Thursday, May 17, 2012

Feeling Stronger

My old life (2009) :

  • Work all day in pain on sitting or standing, bite back the tears and bad attitude
  • Get home, lay down long enough for the hips to relax
  • Try to get up and get a few chores done, stop when legs are too sore to hold me up
  • Take painkillers and muscle relaxants to help me sleep.
My new life (yesterday):
  • Get up and do 5 minutes of exercise with Wii Fit.
  • Go to work, take frequent stretch breaks
  • Get up and walk the 1/4 mile trip to the other building and back while waiting for tests to run.
  • Go home, do a bunch of chores
  • Do another 5 minutes of exercise with Wii Fit for a break
  • Do more chores
  • Do another 5 minutes of exercise with Wii Fit
  • Go to bed without any pain meds
I'm hardly a runner or fitness guru, but for me it is worlds better.  I'm actually a little bit sore from yesterday's burst of activity, but at no time did I have to stop because of pain, and I can still do my minimum 5 minutes today.

Wednesday, May 16, 2012

Changes in the Wind

The shoes and the diet have made a huge impact on my health, but I still have yet to make the big change.  The BIG change.  Although I seem to be the only one that sees it as such a huge deal.  You can judge for yourself.

Big Change Part A:  The Farm

In about a month, we will be ready to apply for a mortgage.  That mortgage will be on a sizable piece of property in the country.  I intend to start growing more of my own food, vegetables and meat.  Chickens, sheep, and goats are on the early consideration list.  Pigs are awfully tasty and will therefore probably be a part.  Cows are just sooo....  BIG.  I'm going to try out smaller livestock first and get a handle on that.  I already have some experience growing my own vegetables, but I expect the first year or two to be a bit of a break-in period if the soil is not already well amended.

Our city home is 100% paid for.  No matter what happened to us, we always had a place to stay (assuming we could manage the minor city tax and avoid a tax lien.)  The farm is considerably more expensive, some places we're considering an order of magnitude more so.  In this rough economy is getting a new mortgage a wise idea?

Will I be able to handle this extra commute and extra work load?  Will I get calls at work that the sheep are out of their pasture again?  Will I totally freeze up when it's time to slaughter and eat Lambchop and Chicken Dumpling?

Big Change Part B: Giving up my desk job

Some time after we move (couple months?  years?), I will be quitting my desk job and becoming a full time mother/farmer.

This is the really scary one.  This is the one with no going back.  Once I get out of the workforce we will go from double income to one, and after a lapse in employment it's very hard to get back to your previous income level without starting over at the bottom.  Having my first child without my mother around is scary by itself.

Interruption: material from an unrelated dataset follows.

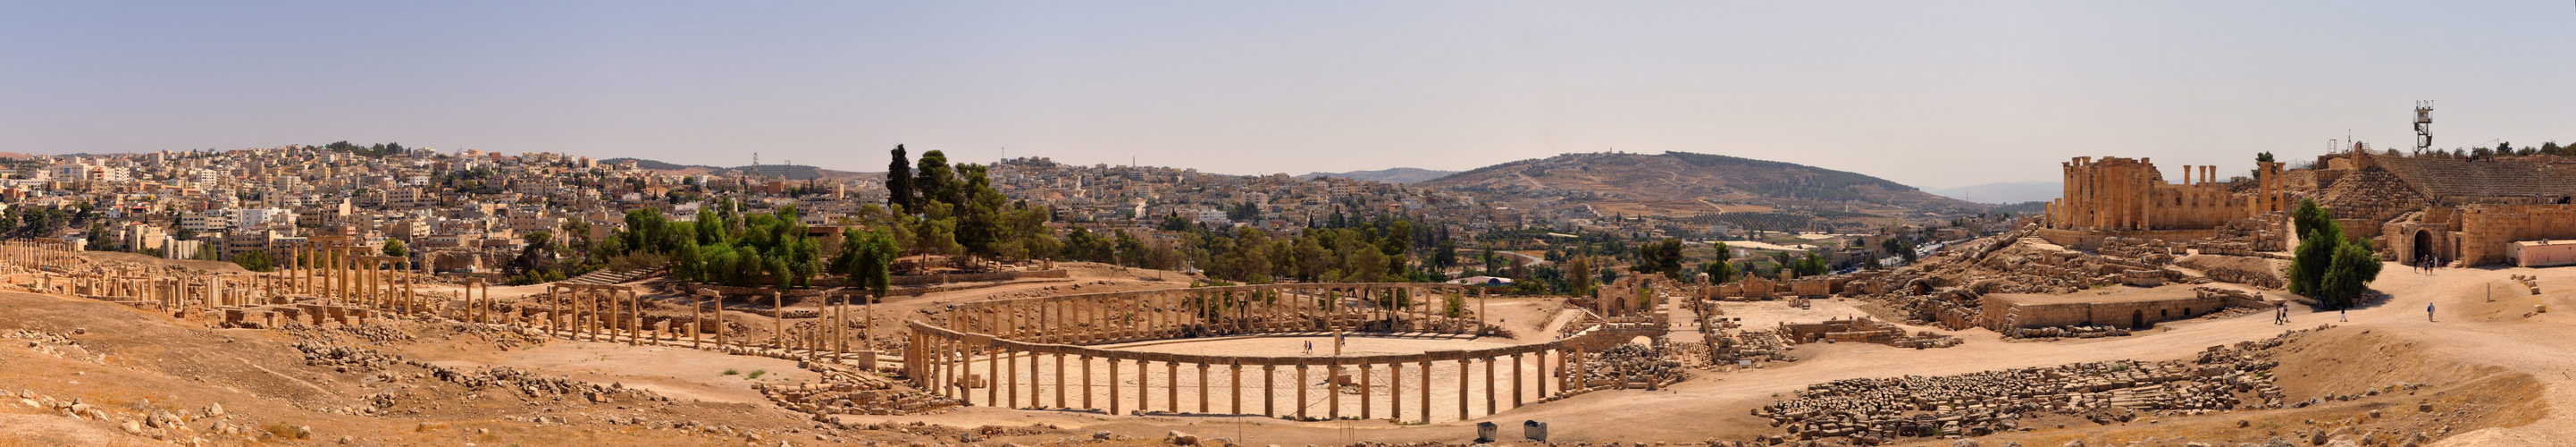 Jerash Panorama Ovales Forum
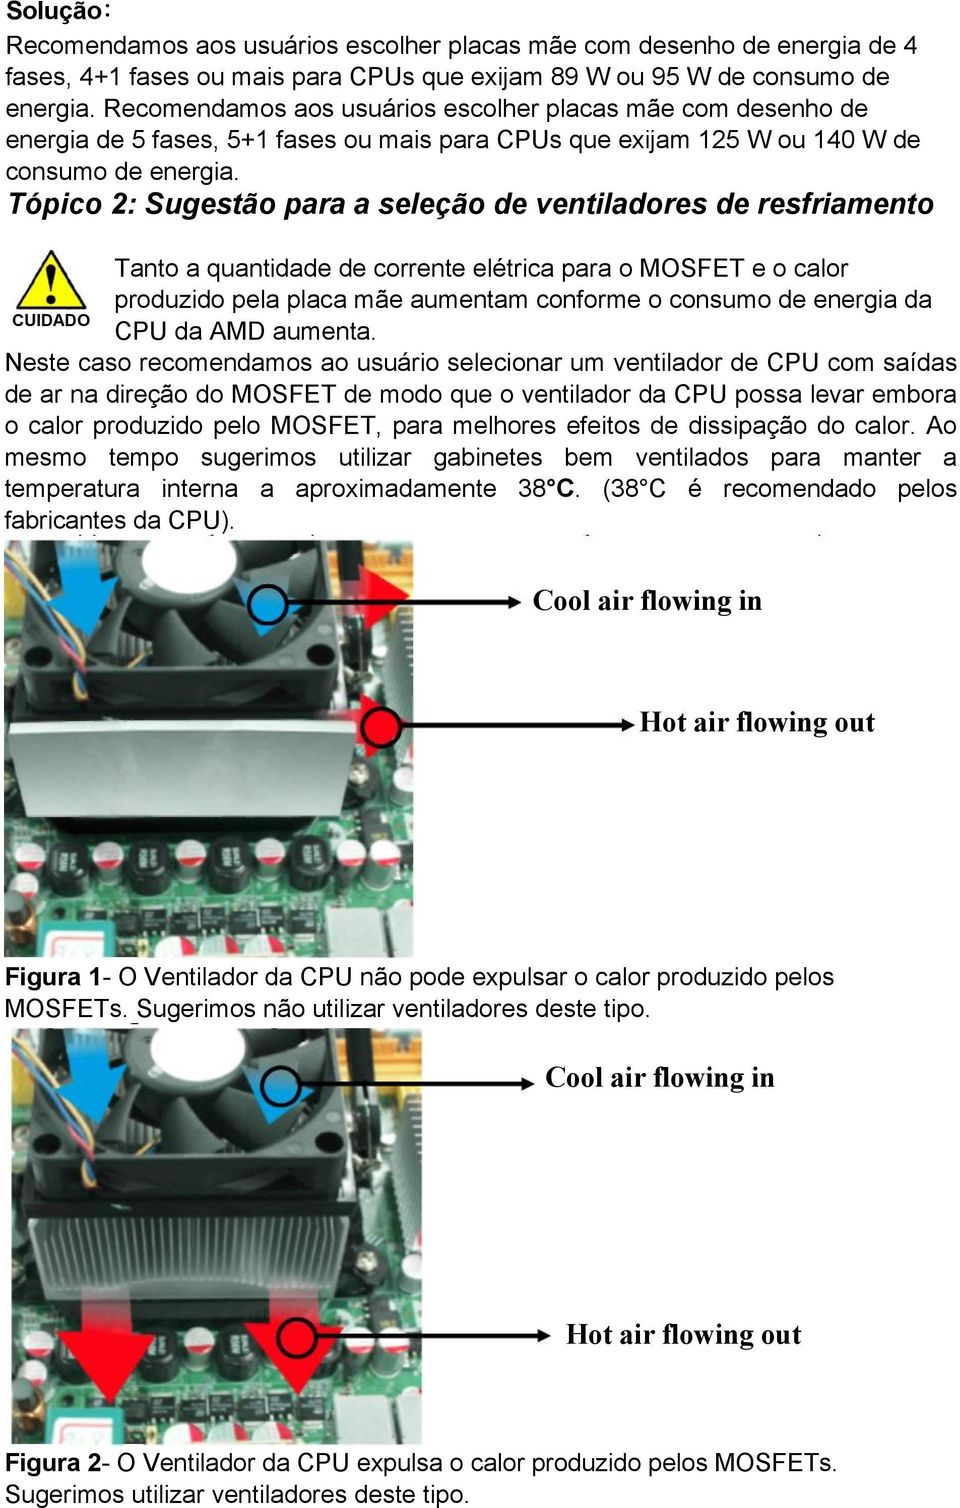 Tópico 2: Sugestão para a seleção de ventiladores de resfriamento Tanto a quantidade de corrente elétrica para o MOSFET e o calor produzido pela placa mãe aumentam conforme o consumo de energia da

Will I be able to handle motherhood and going into business for myself at the same time?  Will I be able to make any money off pastured meats and fiber crafts?

Mixed Emotions

For a long time this is what I said I wanted.  This is what I've been doing most of my reading for.  I have a notebook full of figures and notes.  And yet...  Now that it's on the horizon, I'm scared more than excited.  So many unanswered questions, so many other choices I will have to abandon...

Nothing to do but pray about it for now.  I'm waiting for hubby's new salary to show up on pay stubs, and  things to calm down where I work.  (Doing as much overtime as I can manage is not compatible with setting up a new house a forty-five minute drive away.)  Time to sit back, wait, and be patient.

Sunday, May 6, 2012

Inuit Boots

It seems the Torguud are not the only ones to think of using a leather overshoe to protect a warmer boot. These Inuit boots show similar design, although most have the over-soles stitched on instead of tied on as in the Torguud boots. Materials might make the difference there, the wool not being as sturdy as the leather boot and more likely to let stitches pull out.